Nuit du droit : le grand public découvre la CNDA
Pour la deuxième édition de la Nuit du droit, la Cour nationale du droit d’asile organisait pour la première fois une soirée porte ouverte. L’occasion, pour une foule de curieux, de découvrir cette cour, première juridiction administrative et pourtant méconnue du grand public.

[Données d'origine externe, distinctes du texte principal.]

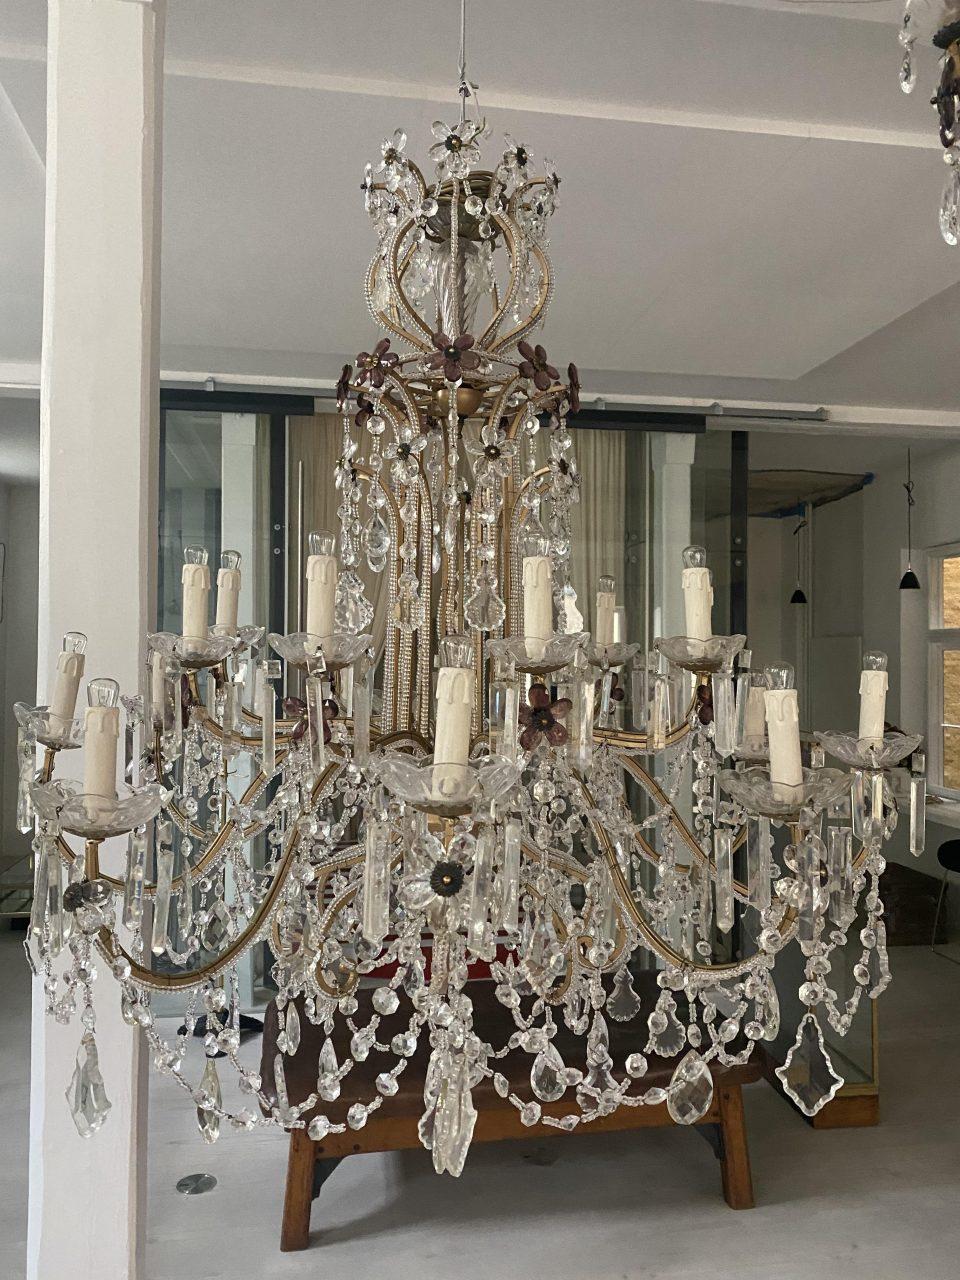 Fantastically beautiful and voluminous French prism ceiling lamp, from circa 1920s-30s. Generally seen in French chateaus and mansions, or grand hotels. The chandelier is a true opulence of clear prism branches and beautiful faceted prisms in

Une foule disparate se pressait dans les couloirs de la Cour nationale du droit d’asile (CNDA), exceptionnellement ouverte pour la Nuit du droit. Des jeunes carnets de notes à la main, des voisins, des curieux venus en famille pousser la porte de ce bâtiment moderne et sans charme particulier situé dans un quartier résidentiel de Montreuil. On y trouvait un agent de la Cour, nouvellement employé après une carrière d’informaticien, venu faire admirer à sa mère son nouveau lieu de travail. Un couple de badauds prenant la pause pour un selfie à peine passé le portail de sécurité. Une jeune femme étrangère profitant des portes ouvertes pour se renseigner auprès d’un agent sur la procédure de l’asile. Une stagiaire du Conseil d’État, étudiante appliquée, curieuse d’en savoir plus sur le fonctionnement de cette institution.
Ces visiteurs furent répartis en petit groupe et pris en charge par les agents de la Cour, venus bénévolement encadrer les visites et présenter leur métier. La manifestation tenait sur les salles d’audience du rez-de chaussée. La première était consacrée à une exposition de l’activité de la Cour. Des panneaux très pédagogiques expliquaient le fonctionnement de la juridiction. À travers quelques chiffres et courbes, on y voyait résumée la place de la CNDA dans le contentieux de l’asile. La Cour accorde une protection dans 16,8 % des affaires jugées. Son activité a explosé ces dernières années. En dix ans, le nombre des recours qu’elle traite a plus que doublé, passant de 22 676 en 2007 à 53 581 en 2017. Les schémas montraient également que les nationalités les plus représentées parmi les requérants étaient — en tête, les Albanais, les Haïtiens et les Bangladais, qui sont loin d’être les plus protégés (les Afghans, les Somaliens ou les Syriens ayant, quant à eux, bien plus de chances d’obtenir une protection). Une jeune femme, chef de chambre à la Cour, accompagnait notre visite. Elle explicitait les panneaux tout en expliquant son rôle : relire les décisions prises par les formations de jugement et en contrôler la procédure et la cohérence géopolitique.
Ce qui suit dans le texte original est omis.